When the capacity of the coal powder industrial boiler is below 40t/h, from the perspective of reducing NOx emissions, it is more appropriate to arrange a single burner at the top or bottom of the boiler. This ensures that the flame of the burner is symmetrical around the center of the furnace, allowing the air from each air channel of the burner to be well integrated with the coal powder, thus achieving low-temperature and low-oxygen design intentions, organizing a reducing atmosphere, and lowering the peak flame temperature. At the same time, it fully utilizes the entire height of the furnace, benefiting the combustion process. Taking Germany, which has long been committed to coal powder industrial boilers, as an example, many of its industrial boiler products adopt the arrangement of burners at the top of the furnace. Compared to the arrangement at the top, the arrangement at the bottom of the furnace is less common. Theoretical analysis shows that the arrangement at the bottom of the furnace has the following advantages: the coal powder burns through the entire furnace, resulting in a longer combustion time and lower ash carbon content; the burner is close to the ground, facilitating installation and maintenance; the shortness of the primary air duct and fewer elbows, positioned lower, can reduce the power consumption of the primary fan; and the enhanced upward draft in the furnace can reduce the power consumption of the induced draft fan.

There are numerous methods for flame measurement, with the interferometric probe technique frequently employed for on-site flame measurements. This method operates effectively in harsh environments and is suitable for point-by-point measurement of flue gas components, temperature, and particulate matter. Many coal powder swirl burners utilize this technique for flame measurement. In recent years, with significant advancements in computer technology, flame monitoring technology based on digital image processing has seen rapid development. Flame images on a 1MW coal powder combustion test bench are collected using a flame monitoring system, analyzing the geometric and brightness parameters of the flame as they vary with load, primary air mass flow rate, and particle size. Visualization-based measurement techniques are used to study the co-combustion flame of coal and biomass on the combustion test bench, analyzing the characteristics of ignition point, brightness, temperature, and vibration frequency as they change with biomass type and blending ratio. Combining this with traditional flame measurement techniques like thermocouples and flue gas analyzers, the characteristics of the co-combustion flame are analyzed. Flame image processing technology has enabled the measurement and three-dimensional reconstruction of the internal temperature field of boilers, analyzing the characteristics of the furnace temperature as it varies with boiler load. There is little research on the visualization of coal powder swirl burners' flames in power plant boilers.

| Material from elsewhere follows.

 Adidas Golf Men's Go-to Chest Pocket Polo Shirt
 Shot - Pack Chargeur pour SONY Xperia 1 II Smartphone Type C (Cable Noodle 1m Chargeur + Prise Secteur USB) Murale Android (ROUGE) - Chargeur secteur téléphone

The reasons for the thermal and mechanical stress impacts of coal powder burners are as follows:

I. Effects of thermal stress. The rotary kiln burner is located at the front kiln mouth, where the working environment temperature ranges from approximately 600℃ to 1300℃, with high temperatures and a wide fluctuation range. Due to the refractory material of the coal powder burner being a poor thermal conductor, the differences in temperature cause different thermal expansion coefficients, leading to cracks forming in the unevenly heated areas after some use.

The impact of mechanical stress: The high-temperature secondary air, blown into the rotary kiln from beneath the coal powder burner by the cooler, carries a certain amount of clinker dust. This causes significant erosion beneath the coal powder burner. Over time, cracks may gradually enlarge, exposing internal fasteners. At high temperatures, the welds on these fasteners can melt, and due to gravity, the fasteners and the castable material may fall off, exposing the metal shell of the burner. Without the castable material's protection, the burner is prone to cracks under high temperatures. Once cracks form, leading to air leakage, the burner becomes unusable.

The combustion characteristics of coal powder depend on the flow characteristics at the inlets and outlets of the burner, making the study of the flow field there crucial. Some scholars believe that the structure of the inlets and outlets of the burner significantly affects the distribution of the flow field, the movement of solid particles, the stable combustion of flames, and the formation of NOx. The recirculation zone formed behind the baffles at the primary air inlet is conducive to the combustion of coal powder, and this zone is distinctly visible when the baffle is 80mm away from the primary air inlet. Dong Xiaolin suggests that the formation of the recirculation zone at the burner inlets and outlets is closely related to the diameter of the burner inlets and outlets and the angle of the secondary air. The angle of the secondary air intake should not be too large, otherwise, the phenomenon of air "skimming" may occur. To further explore the influencing factors of the flow field at the burner inlets and outlets, some scholars have conducted experimental and simulation studies on how the structure of the burner and actual operating parameters affect flow characteristics.